Comments on Sinkholed
Automated legal actions and takedowns like this introduce a lot of risk of collateral damage but I wonder what the alternatives are.
The investigators would likely argue that notifying domain holders would reduce the chance that they can take down a botnet's infrastructure successfully, which seems likely.
Could there be some maximum time after which the 'rule set' for the auto-takedown code needs to be made open source/public? It must presumably be implemented as software and/or configuration files.
That would at least allow for inspection, confirmation and disputes about how it's implemented, and if this was 30 days or so, it shouldn't risk the takedown effort.
While top-tier network engineers are developing takedowns like this, presumably they'll do a good job of minimizing false positives - but as this case shows, it's not always going to be perfect - and I worry that if it becomes more common, we'll see sloppier implementations.
That could lead to connectivity and access issues for more users (again in an international context). It's great that the situation was resolved in this case but I imagine not all users would be able to raise a complaint at a similar level of technical detail and respectful tone and for it to receive the same amount of attention.
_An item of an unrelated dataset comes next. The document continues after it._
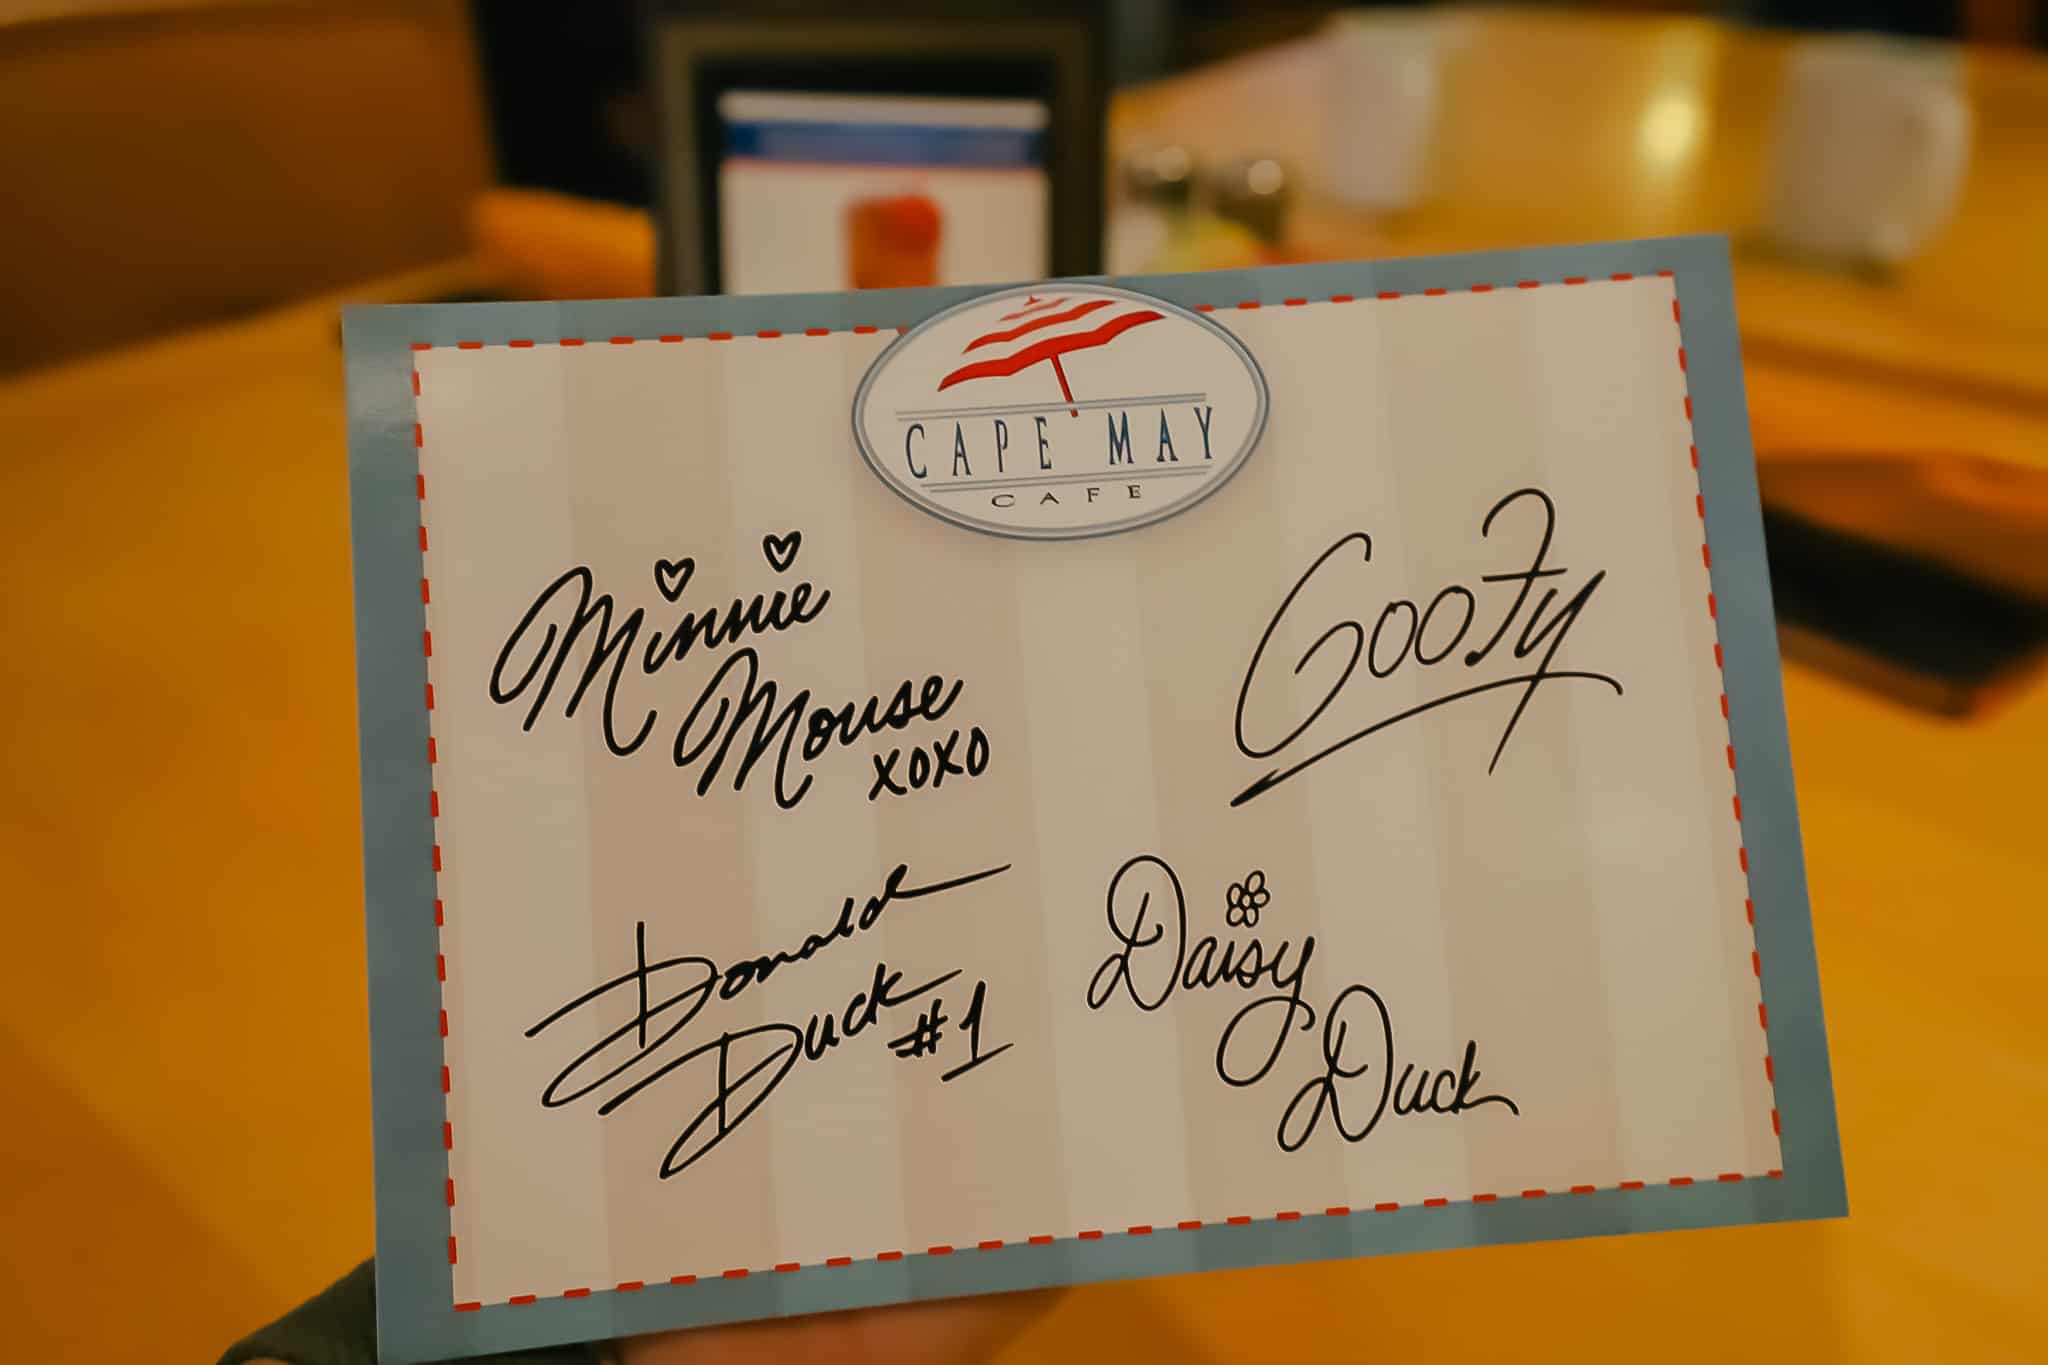 Characters autographs at Cape May Cafe

Maybe that's untrue. Maybe injustices really do get amplified by social media and relying on companies to notice this 'works'. It doesn't sit particularly well with me as a remediation process though, and I'm not sure it scales.
Andy Beaumont said:
This was a really good write up, thank you. And congratulations on getting your domain back.
Tim Nolet said:
Props to you by reacting suitably: worried, but calm and measured and not jumping on some Twitter outrage bandwagon.
Yves Dorfsman said:
The scariest part is that it looks like this got resolved quickly only because your tweet got noticed and retweeted. I wonder how long it would have taken otherwise.
Someone less technical would likely have no idea what happened to their domain. An individual relying on their web presence for income could be massively impacted by something like this. There really does not seem to be a clear way for someone to a) know what the problem is, and b) get it resolved quickly.
As a small business owner, this terrifies me. Since the TTL for NS records is 48 hours, a domain takeover like this could easily bankrupt a lot of SaaS companies.
What options are there to prevent this? Would a registrar such as MarkMonitor provide at least some notice or protection?
Dylan Pyle said:
A couple of years ago we lost our domain (see The Duct Tape Holding the Internet Together) due to a registrar (that we were not a customer of) erroneously issuing a suspension. The amount of honor system involved in the whole process, particularly in ccTLDs without as much oversight, was really surprising.
Samuel Klein said:
Thank you for this. We are definitely seeing the declining use of centralized domain-resolution. It has advantages only when it is not itself being gamed, and increasingly companies and governmental orgs have found ways to do just that. At the very least every domain should have dual central + decentral resolutions, and browsers should give you options when the resolutions conflict.
I'm glad that this particular instance was resolved reasonably gracefully, but all it would have taken is a less informed or connected victim and it would have been so much worse.
Richard Kirkendall said:
Susam, I'm glad we were able to get this resolved for you and I apologize for the inconvenience and the scare this caused you.